Betting on the VIX has been an investment option for several years: a bet that volatility would
increase. Obviously such bets would have been a losing venture over the past few years.
The short VIX fund is a much more recent market contrivance: betting against volatility. It was a good bet for a couple of years. The question is: why were people still sitting in this fund?
There was no possibility that this extreme lack of volatility could get even more skewed. A certain amount of volatility is mathematically inevitable. This was a fund that could not possibly go higher, with an extremely high probability of a sharp move down – as soon as volatility returned.
Clearly those investors holding this fund suffered from terminal complacency, sitting on an investment that couldn’t possibly go higher, just because they liked it. Even more bizarre, reports indicate that the largest holders of this fund were
other fund managers.
These people are supposedly “experts” in investing. How could they have gotten caught with their pants down like this, resulting in a 100% meltdown in one of their holdings? Complacency.
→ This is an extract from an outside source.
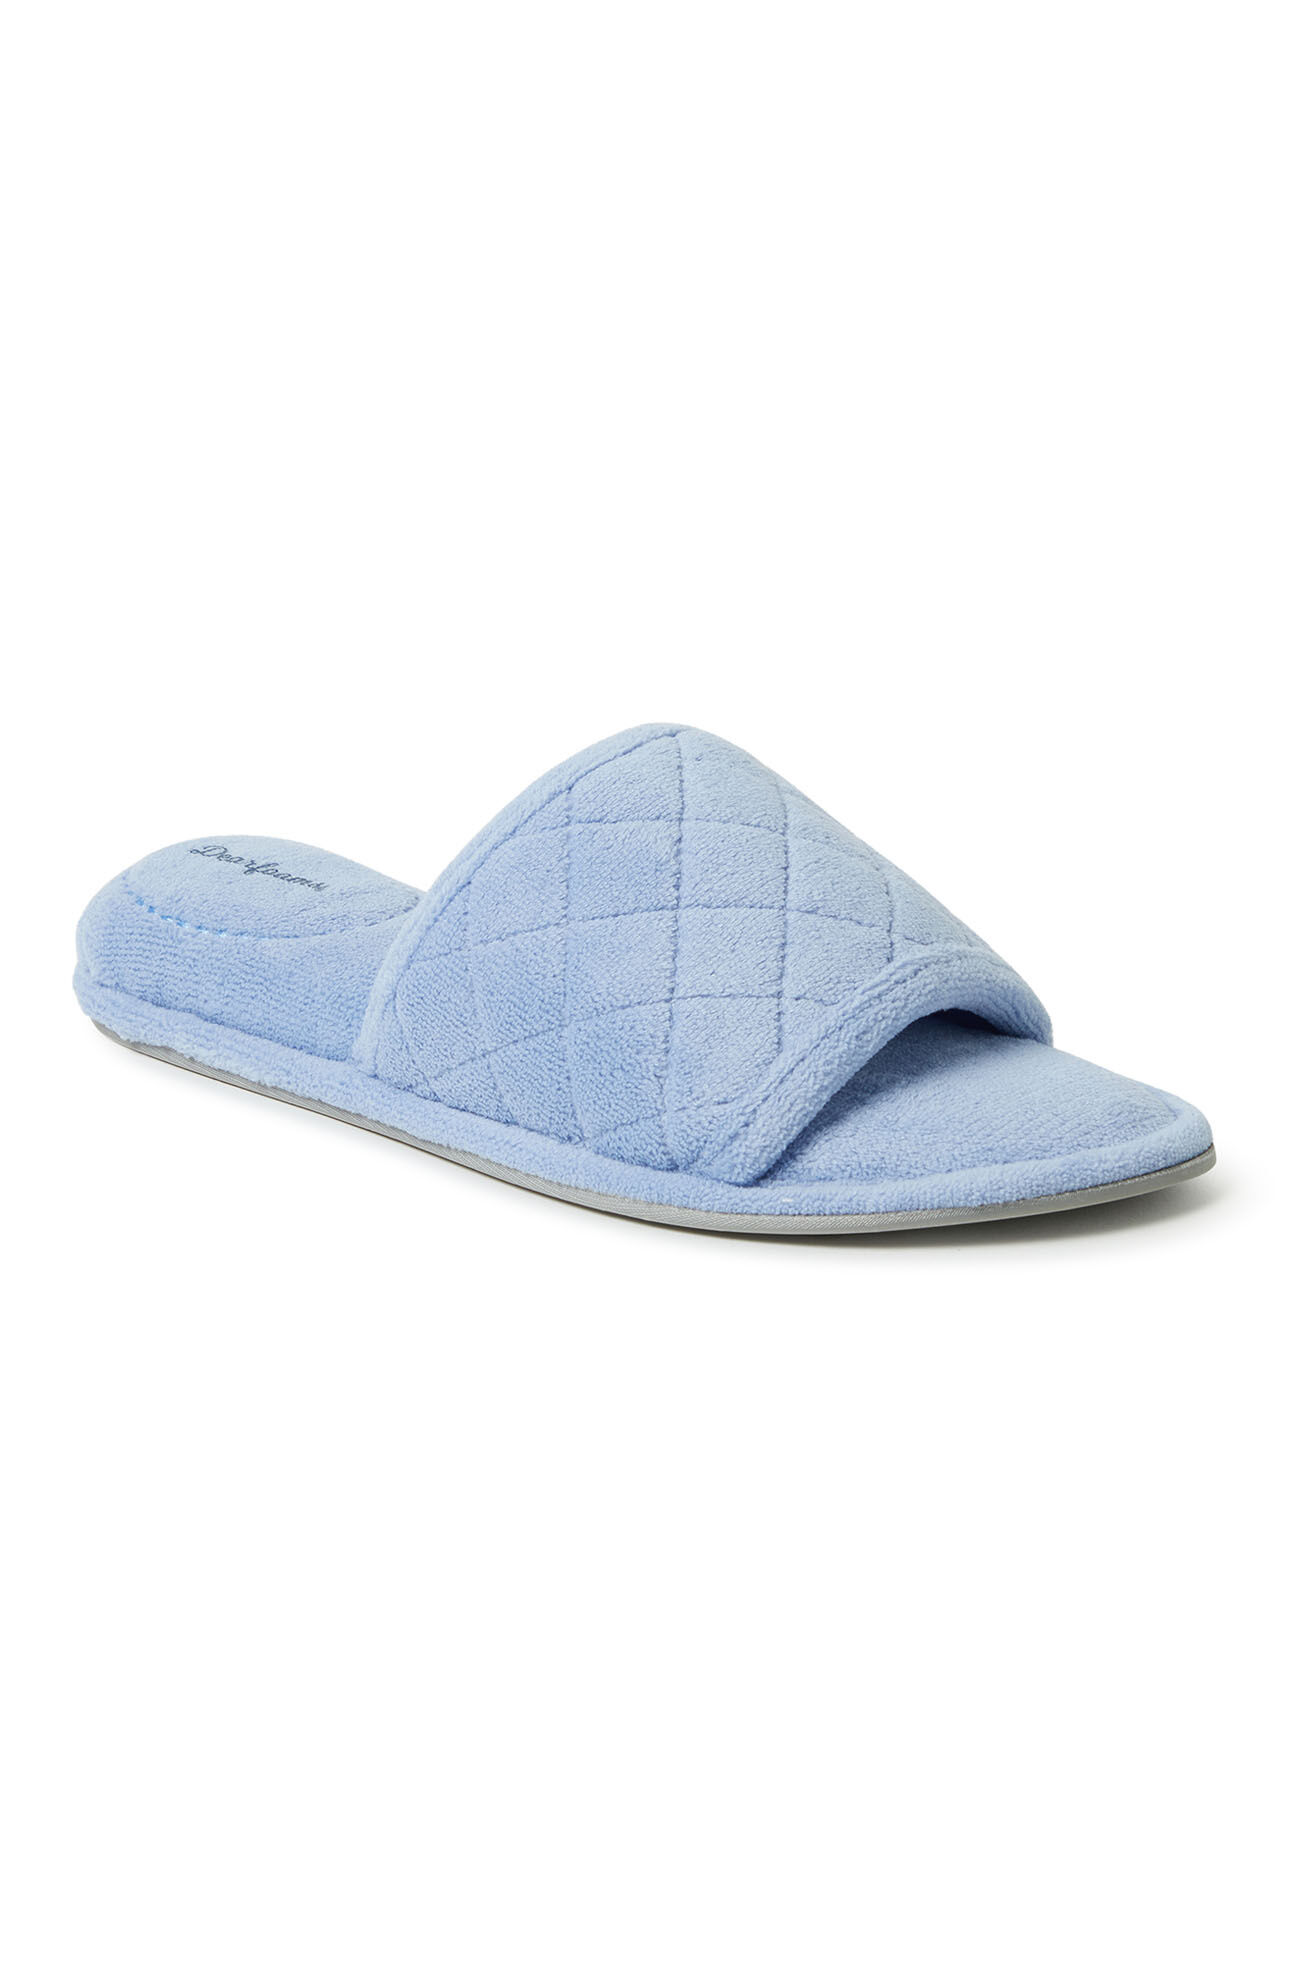 Women's Beatrice Quilted Terry Slide Slipper by Dearfoams in Iceberg (Size LARGE)

Yesterday, the Dow jumped several hundred points off the open. It gave back all of those gains and moved into the red, then it spiked higher closing the day up more than 500 points. Insane.
In just a few days, we have gone from record low volatility to extremely high volatility. This could be a signal that markets have peaked. It could just be temporary turbulence. Either way, investors have received a wake-up call – especially the holders of XIV.
Volatility is a normal part of markets. They go up; they go down. Betting against volatility was a bet against human nature.
Volatility has returned to our markets. It would be unwise to bet that it is going to go away.